3. The estate was purged of the trust by the title passing to Daniel Curtiss, a bona fide purchaser without notice. 1 Story Eq. Jur., §§ 409, 410.
4. The admissions and promises found to have been made by Cynthia Booth during coverture, do not remove the bar of the statute of limitations. And if they amount to any thing, they are simply parol promises to pay the debt of another.
5. If the claim as found by the auditor is allowed, interest can be added only from the death of Mrs. Abijah Peck. She, and not the present claimants, was entitled to the interest during her life.
Cothren, for the appellees.
[MAJORITY — Butler, J.]
Butler, J.
It appears from the finding in this case that the claimants, or those whom they represent, as heirs at law of Asa Peck, deceased, furnished to their brother, Isaac Peck, a certain amount of money, pursuant to an agreement that it should be used by him in the purchase of a place, to be held by him in trust, for the use and benefit of their mother during her life, and on her decease for the use and benefit of said heirs. The case differs from the ordinary case, where money is furnished by one party to another party, to enable the former to purchase property and hold in his own name for the benefit of the latter, in this, that an express trust was intended to be created for the benefit of the third party, their mother. The creation of such an express trust for Mrs. Peck was the sole object and purpose of the arrangement, and so far as the agreement may be said to contemplate any further trust, it had no other object or purpose than to secure to those who advanced the money, their interest, on the termination of the trust for the mother. So far then as there was any trust in favor of the heirs who advanced the money, it was such as the law would have implied, or would by implication have resulted to them from the mere fact that they furnished the money for that purpose. Upon a fair construction of the finding therefore, we are of opinion that the agreement, so far as it related to the interest of the claimants, imported no more than such agreements usually import, when money is furnished for the purchase of property, or than the law would import from the act, and that the trust was not of such a character that parol evidence could not be admitted to prove it. The decedent moreover, in her life time, disposed of the property and repudiated the trust for Mrs. Peck, and thenceforth acknowledged that she held the share of the claimants in money to their use. We do not think under such circumstances her representative can maintain the defence he has attempted to interpose.
2. We have no difficulty in relation to the claim that the trust was purged, by reason of the fact that the title passed from Isaac to Cynthia through Daniel Curtiss. It was substantially a conveyance from Isaac to Cynthia, she agreeing to hold for the same uses and purposes.

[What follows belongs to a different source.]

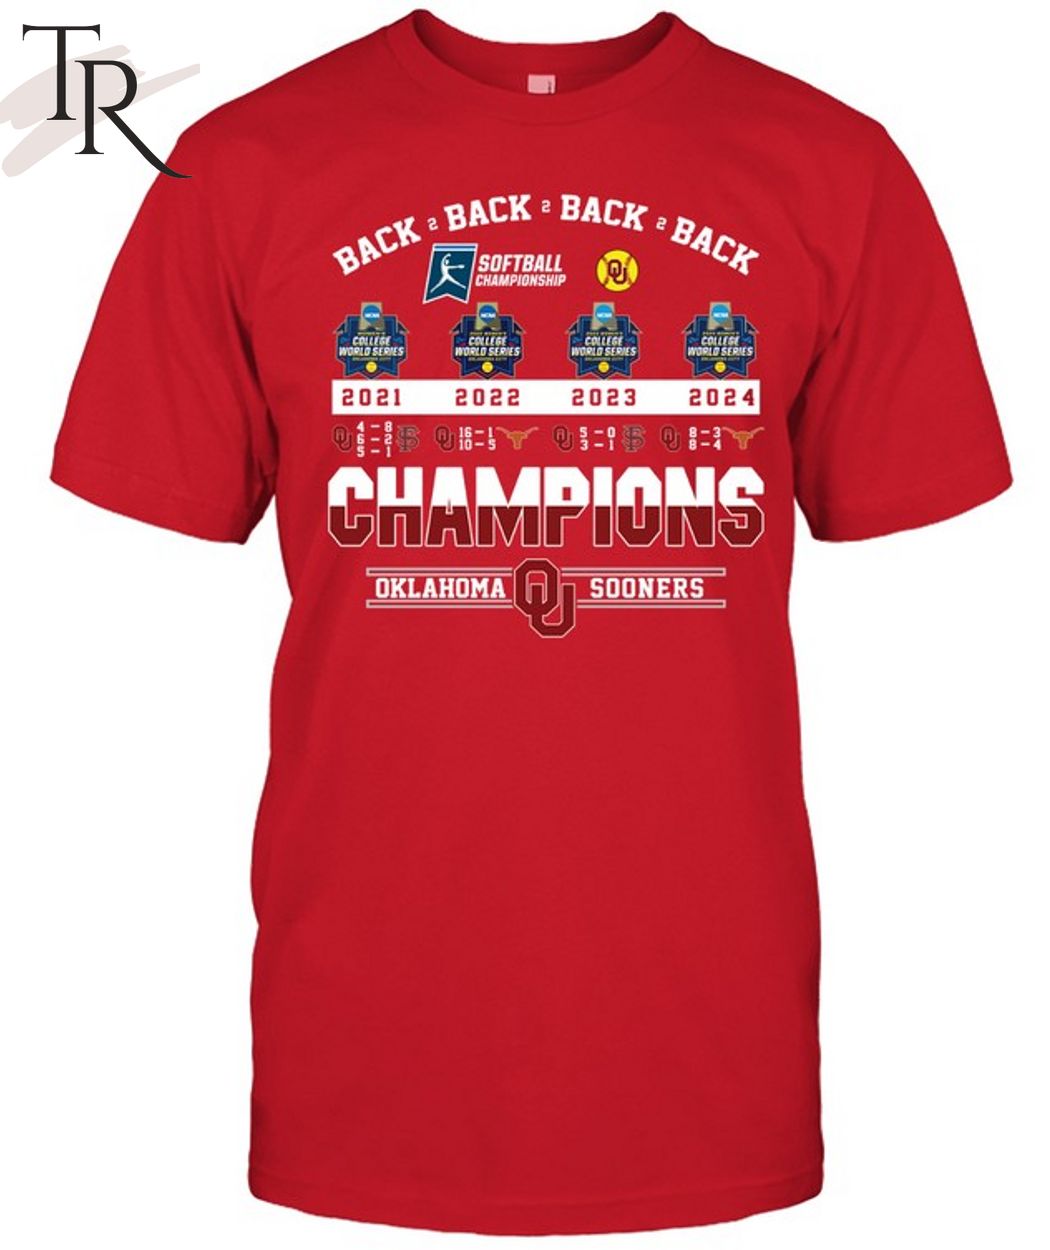 Back To Back To Back To Back Softball Championship Oklahoma Sooners T-Shirt

8. When Cynthia Peck sold the property and repudiated the trust for Mrs. Peck, a proportion of the avails of the sale, equivalent to the sum originally advanced by the claimants, became money had and received to their use, in her hands, and a lawful claim in their favor. The subsequent promises and acknowledgments of Cynthia were sufficient to prevent the statute of limitations from barring the claim, and it is a valid and subsisting one against her estate. And as Cynthia disposed of the trust estate and repudiated the trust, and both were acquiesced in by Mrs. Abijah Peck, we are further of opinion that the claimants are entitled to interest from the time of the sale.
The Superior Court is advised to decree accordingly.
In this opinion the other judges concurred.